Write some code to predict the ratings based on these matrices. More specifically, let’s predict the rating of user 2 (x2) for movie Guns. Consult the lecture slides for the exact formulation (although should be pretty easy). Hint: From w matrix you need user #2 (i.e. 2-th row ) and from h matrix you need movie #3 (i.e. the 3-rd column). You can multiply vectors (or arrays) using the \(\%*\%\) operator.

Then, let’s try to reproduce the whole input

x <- w %*% h
print(x)

How does it look? Were we also able to predict the values that were not existent? Do they make sense?

As an extra step, try to replace another value of user 4 with NA, so make the entry (5,2) of your array also NA (i.e. have predictions only for the two last movies for user 5). What’s the result now?

Representation of vectors

Now let’s try to represent the hidden dimensions in a plot and see what was discovered by NMF.

movies1 <- data.frame(t(h))
features1 <- cbind(movies1$X1,movies1$X2)
plot(features1)
title("Movie Feature Plot")

What does this plot show? How are the four movies spread?

Case 2: NMF for image reconstruction

First we load the build-in data set “Symbols_c” (in rNMF package), a 5625 by 30 matrix where each column contains a vectorized 75 by 75 image.

data(Symbols_c)
see(Symbols_c, title = "Corrupted data set")

Let’s apply NMF with k=4 (and some additional parameters as well that we won’t deal with now)

res <- rnmf(Symbols_c, k = 4, gamma = 0.03, showprogress = FALSE, my.seed = 100, tol = 0.0001, maxit = 50)

Let’s see what are the basis vectors (matrix W) that NMF decomposes data to.

see(res$W, title = "Regular NMF basis", layout = c(1,4))

Shadows in above images indicate that corruptions were not removed and contaminated the decomposition.
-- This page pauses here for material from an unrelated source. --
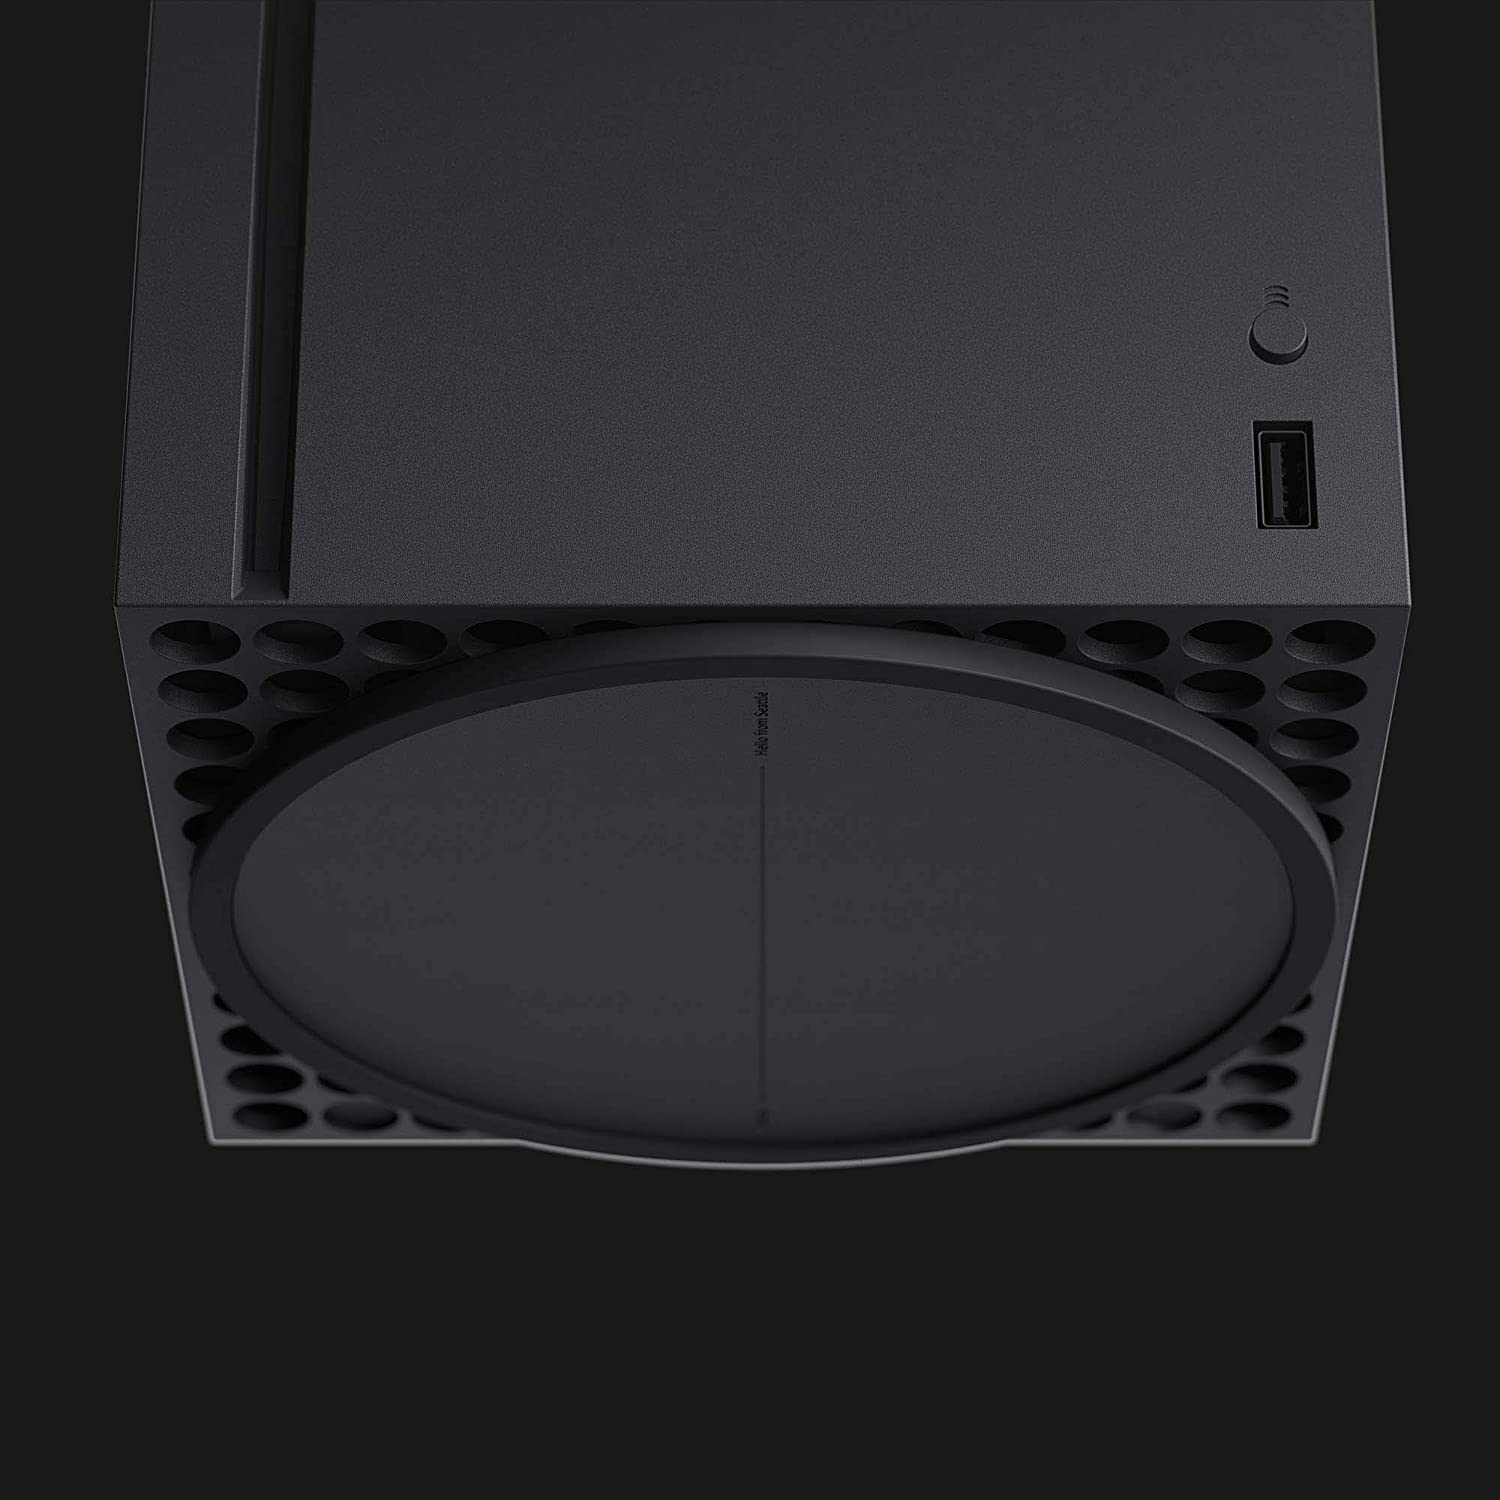 Microsoft Xbox Series X 1TB Video Game Console Microsoft

However, NMF successfuly finds that basis of all images is the 4 basic shapes.

Now let’s also see how it reconstructs the original images.

see(res$fit, title = "Regular NMF reconstruction with k = 4")

Can you compare it with the initial one? Is it better?

Also, we have the option of detecting the outliers, as below.

outliers <- matrix(0, nrow = nrow(Symbols_c), ncol = ncol(Symbols_c))
outliers[res$trimmed[[res$niter]]] <- 1
see(outliers, title = "Outliers extracted by rNMF")

Case 3: Reconstruction of image for noise removal

In this example we see the compression of a single corrupted image by both regular NMF and rNMF. First we load a build-in corrupted face image and let’s look at it.

data(face)
see(face, title = "Corrupted face image", col = "grey", input = "single")

I hope you can clearly see the noise :)

Let’s apply NMF and see the result.

res2 <- rnmf(face, k = 50, gamma = 0.025, showprogress = FALSE, my.seed = 100)
see(res2$fit, title = "rNMF compression", col = "grey", input = "single")

Much better isn’t it? However, the quality is dropped. Why? Experiment with the value of k.